Markets are currently shaky with QE2 coming to an end, commodities inflation causing margin squeezes for producers and killing demand from consumers, chaos in the Middle East, eurozone economic turmoil and Japan melting down. To fight deflationary forces, the United States government and central bank are buying assets, providing incentives for consumers and business owners, and creating public jobs. While federal propping of the economy does little to propel consumer demand beyond subsistence, it does severely devalue the dollar by inflating the money supply and changing the underlying economy. Not long ago the United States was a net saver and exporter, neither of which it is today.
With silver down 35% and gold off $70/oz over the last month, along with a struggling overall stock market, shares of mining companies have been hit hard. Patient, conservative investors may wish to stay on the sidelines and allocate capital appropriately once political and fiscal plans are finalized. Now may be the time to pile into mining stocks, however, as sell offs may be sharp but tend not to last in the sector.
Gold has pulled back 3%+ from its April peak and remains the safest, least volatile way to own precious metals. Investors without exposure to silver should use the recent sell off to initiate a position, however gold mining stocks look like the real bargains at the moment. Crude oil has pulled back over 10% in recent weeks and is a major input cost for miners. With gold off less than 4%, sell offs in mining stocks appear overdone and exceed 10% in many cases.

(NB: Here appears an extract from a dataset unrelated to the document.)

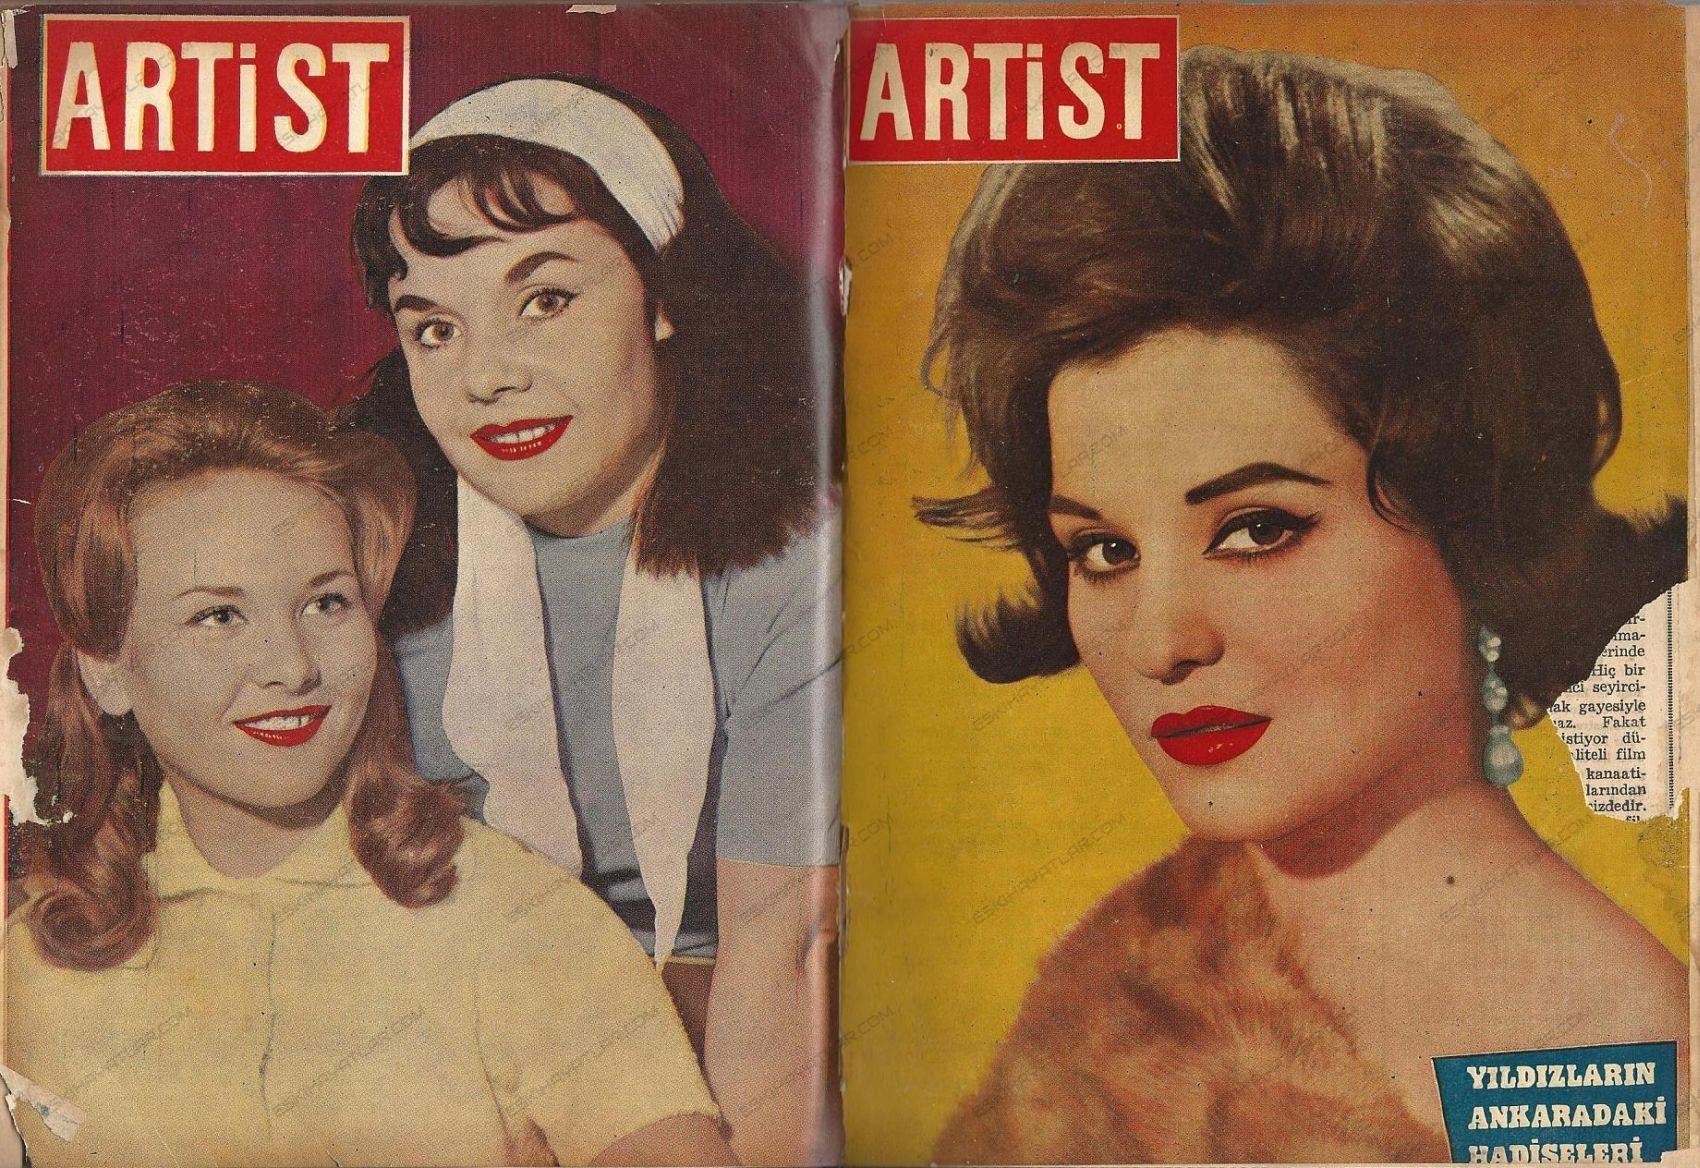 0248-artist-dergisi-arsivleri-1961-yilinda-sinema-dergileri (2)

Goldcorp (NYSE:GG), the world's leading low cost producer, has fallen from $56 to $48. Diversified large cap Kinross Gold (NYSE:KGC) trades at multi-year lows, pays a regular dividend and has a trailing P/E under 15. Barrick (NYSE:ABX) and Newmont Mining (NYSE:NEM) are also leading producers trading under 15x earnings. Exploration and junior mining stocks have pulled back hard enough to permanently scare some speculators who were late to the game away from the sector for good. Some hard hit names with loads of shiny potential are Rubicon Minerals (NYSEMKT:RBY), Richmont Mines (NYSEMKT:RIC), Northern Dynasty Minerals (NYSEMKT:NAK) and Alexco (NYSEMKT:AXU). GDX and GDXJ are diversified ETF options, both currently 10% or more cheaper than a month ago, for investors looking for gold mining exposure. Even the most profitable silver miners, such as Silver Standard Resources (NASDAQ:SSRI) and Silvermetals (NYSE:SVM) have been demolished in price during the recent sell off, losing more than the commodity itself. They offer they greatest upside potential as well as the most downside risk of investment options in the precious metals and mining sector.